Eng. Costel Agache

Conformational study of the lignin model compounds using ab initio methods

SCIENTIFIC COORDINATOR: Prof. dr. eng. Valentin I. Popa

PhD Thesis asserted at "Gh. Asachi" Technical University of Jassy - Faculty of Industrial Chemistry, May 2005

Lignin, a biopolymer with technological importance, due to its extremely complicated structure and to the multiple linkage possibilities of the phenylpropane units through ether or C-C bonds still represents a challenge for elucidating its molecular structure due to the limits of experimental methods. As an add-on to the experimental techniques, computational methods represent a promising  technique for investigating lignin structural properties.

The main objective of the present thesis was the conformational study of the lignin structural units based on the methods of the ab initio molecular orbital theory. Among the most important contributions to the field brought by this thesis, the following can be cited:

• complete study of the conformation of the main linkages: β-O-4 (arylglycerol β-aryl ether), β-5 (phenylcoumaran), 5-5 (biphenyl), 4-O-5 (diphenyl ether), β-β (pinoresinol), β-1 (arylglycerol β-aryl), of the conformation of the guaiacyl ring and of the propane side chain (coniferyl alcohol, α-carbonyl units);
• calculation of the potential energy surfaces, of the transition states through which the interconversion of conformers takes place, of the contribution of each equilibrium structure, of the role of the hydrogen bonds in molecular stabilisation;
• elucidation of the spatial conformation of hydroxyl and methoxy groups from the guaiacyl nucleus, evaluation of the energy of the O-H…O intramolecular hydrogen bond typical for the guaiacyl  rings, of the dipole moment (SM5.42R, PCM and SCRF);
• identification, classification and characterisation of the 200 structures for the β-O-4 compounds,characterisation of all conformers of the biphenyl and diphenyl ether structures, conformational analysis of 24 β-β structures and 90 β-1 structures.

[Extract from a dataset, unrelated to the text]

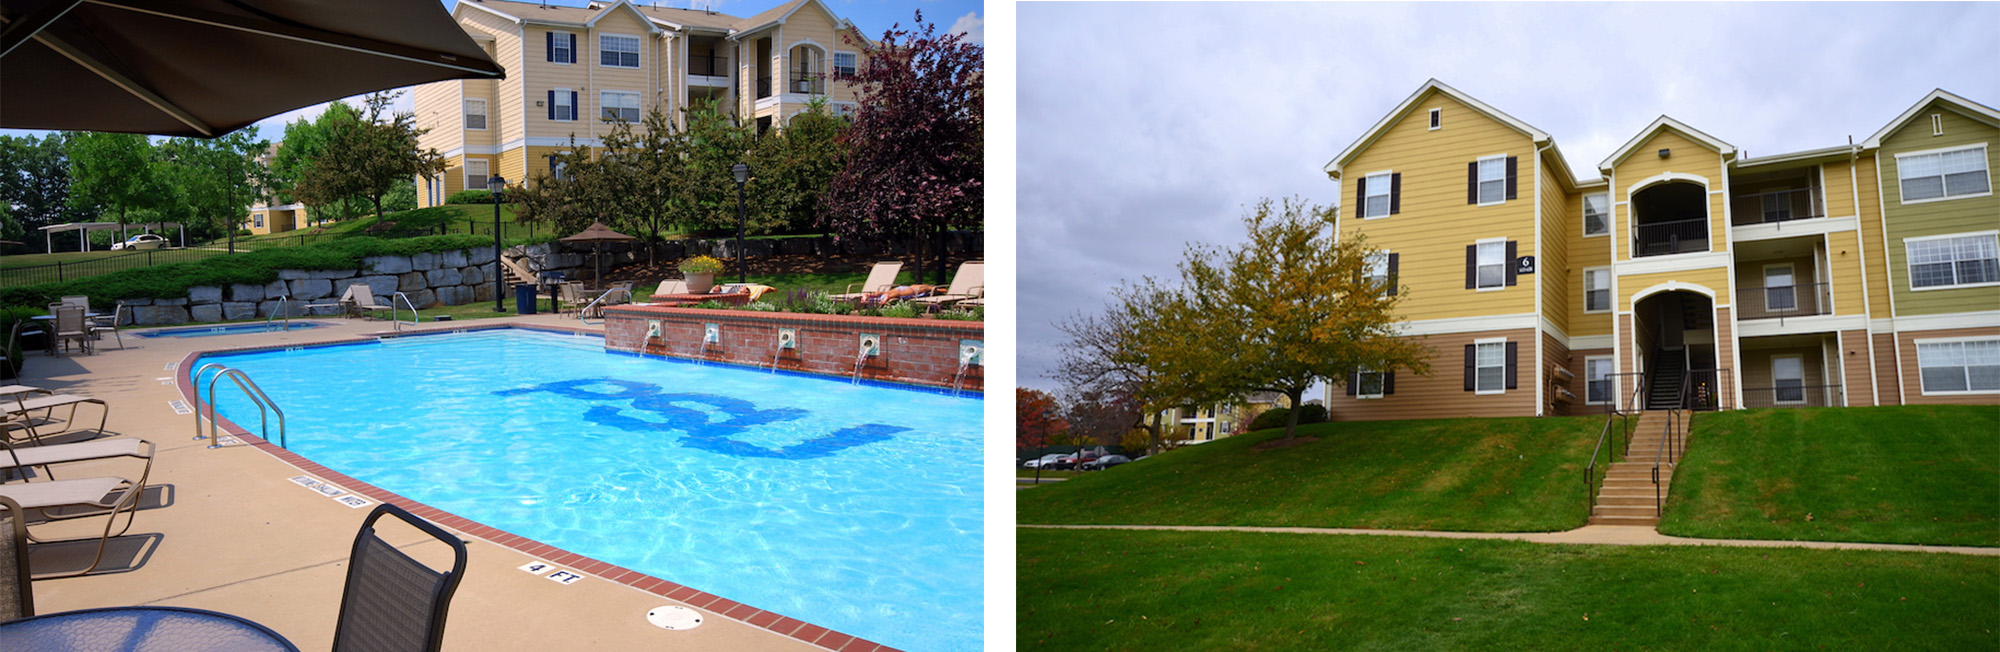 Pool and exterior of Penn State student housing communities

The present study is aligned to the modern tendencies of investigating lignin molecular structure, which, taking into account its complexity, imposes to adopt a step by step approach for molecular modelling. Thus, the first step necessary for the validation of the modelling protocol before attempting to study larger molecular structures is the study of the predominant structural units for which large amounts of experimental data are available.